I found ME Winter Car ..................................................................................................................................I should be able to get 2 winters out of IT ..Depending upon IF we get that annual blizzard or NOT .


----------



## money_man (Feb 25, 2014)

They're selling hyundai accents locally for $9200 however that's with incentives


----------



## sparkman (Oct 15, 2015)

Well, at least it looks better than the previous gen.


----------



## money_man (Feb 25, 2014)

Be wicked if that was the 1.4T


----------



## sparkman (Oct 15, 2015)

money_man said:


> Be wicked if that was the 1.4T


Agreed.

98 whopping horsepower!!!


----------



## Robby (Mar 1, 2013)

Like Brian said,

Looks like a perfect winter beater.
If you are into certain cars, summer toys, you gotta have something to give to the salt (rust) worms.

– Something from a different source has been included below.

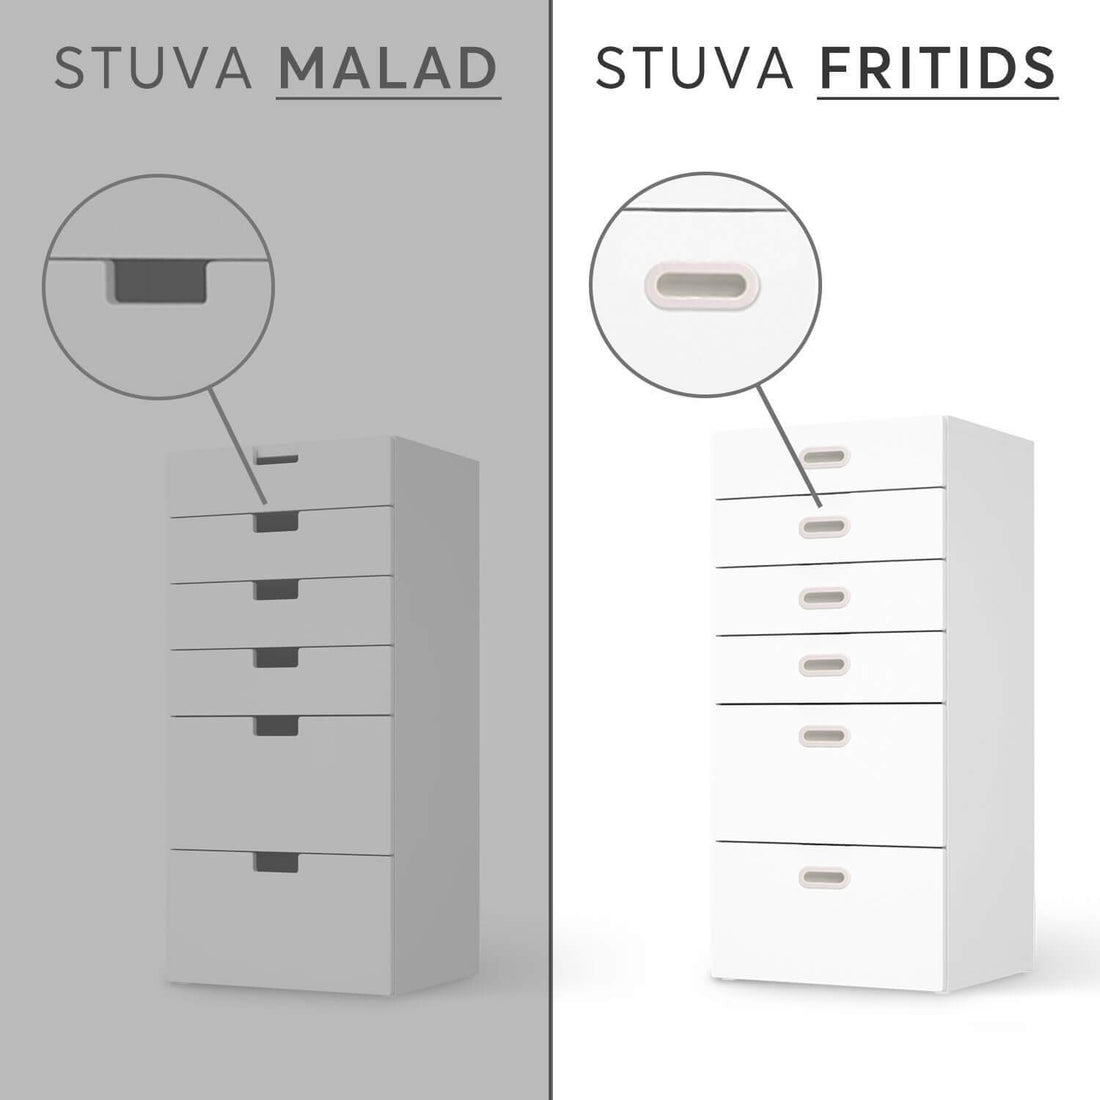 Vergleich IKEA Stuva Fritids / Malad - Flying Animals

It certainly is easier on the eyes than the last version......yechhhy IMO.......That one screamed 'I hate cars'.

Rob


----------



## obermd (Mar 3, 2012)

Chevy needs to drop the price in the US as well. There's a huge market for sub $10,000 cars - just look at the used car market. A sub $10,000 car with the warranty would definitely tip the scales towards selling more new cars.


----------



## dougc905 (May 24, 2015)

Tow that behind your RV!


----------



## BowtieGuy (Jan 4, 2013)

Looks a lot better than the Mitsubishi Mirage, that's for sure.


----------



## listerone (Nov 15, 2015)

IIRC it's possible to transfer cars between the US and Canada.Can anyone confirm this and,if true,give details of what's involved?


----------



## Patman (May 7, 2011)

I should buy for parking in downtown Cincinnati when I drive to work. Since I don't pay for a lot, I park on the streets and most the parking is for "mini" cars. smart cars/ Fiat 500s etc. IDK it would justify a new car tho and keep the Cruze?


----------



## Zyrian (Feb 3, 2015)

Does anyone know why the Spark is so much cheaper in Canada, considering it's the same car?


----------



## money_man (Feb 25, 2014)

Because we need one vehicle that's cheaper than you guys. Every vehicle is cheaper in the states including ones that are built here in Canada.


----------



## spacedout (Dec 7, 2010)

Spark now uses a 1.4L engine over its previous 1.2L. Sure it only has 98hp, but from what I've read the engine is built in the same place as the next generation 1.4T. Since that uses an integrated exhaust manifold head design, I wonder how easy it would be to bolt a turbo to this thing? Going from 98HP to 153HP would make this thing fun. 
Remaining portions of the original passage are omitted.